2.4. Personalization to Improve the Usability of Penta-S Products in the Use Phase

Incorporating social features in the use phase of Penta-S products enhances user experience and effectiveness. Ensuring accessibility fosters a user-centric and equitable smart city environment while tailoring products to citizens’ needs improves quality of life. Personalization, guided by the OCEAN model (“Big Five”) of personality traits [43]—openness (exploration), conscientiousness (organization), extraversion (sociability), agreeableness (empathy), and neuroticism (emotional sensitivity)—further refines this approach.

Therefore, a classification for Penta-S products based on the OCEAN model aligns product features with key personality traits:

• Openness: Products are innovative, encouraging creativity and exploration.
• Conscientiousness: Products emphasize organization, reliability, and efficiency for users valuing structure.
• Extraversion: These products foster social interaction, connectivity, and energy, engaging dynamic users.
• Agreeableness: Products promote cooperation, empathy, and community engagement, appealing to users who prioritize harmony.
• Neuroticism: Products offer calming, supportive features to help users manage stress or anxiety.

2.5. Building the Pentagon Framework Features for the Integration of Developed Rapid Prototypes into a Smart City

This section introduces developed proof of concepts by the Enabling Technologies Group from Tecnologico de Monterrey Campus Ciudad de Mexico [44]. The products can be seamlessly integrated into a smart city concept by considering the Penta-S features and utilizing a smart cloud platform, as shown in Figure 7. This platform would act as a central hub, allowing real-time data exchange and control for various technologies.
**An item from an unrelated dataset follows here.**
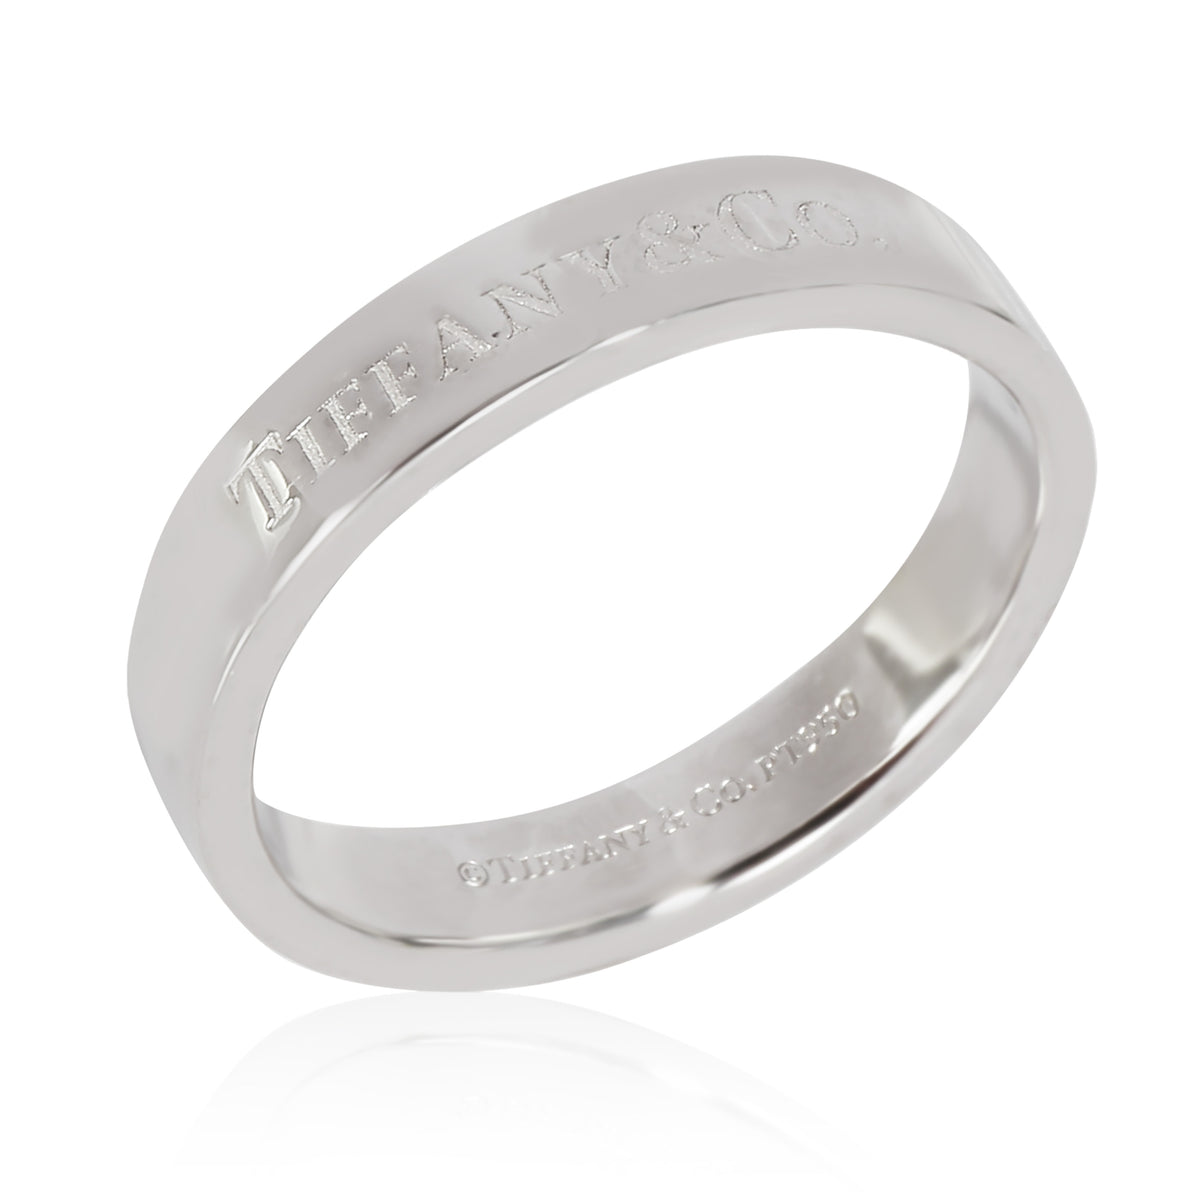 Band Ring in Platinum, 4mm

The smart cloud platform would enhance collaboration between these technologies, optimize resource usage, and provide real-time data analytics, creating a more connected, efficient, and sustainable smart city ecosystem.

The smart cloud platform categorizes services such as public safety, recreation, energy, healthcare, education, environmental monitoring, transportation, and housing. Additionally, two maps are presented: one showcasing proof of concepts tailored to local community services, like schools, homes, and public facilities, and another adapted to city services, including hospitals, corporate buildings, apartment complexes, and museums.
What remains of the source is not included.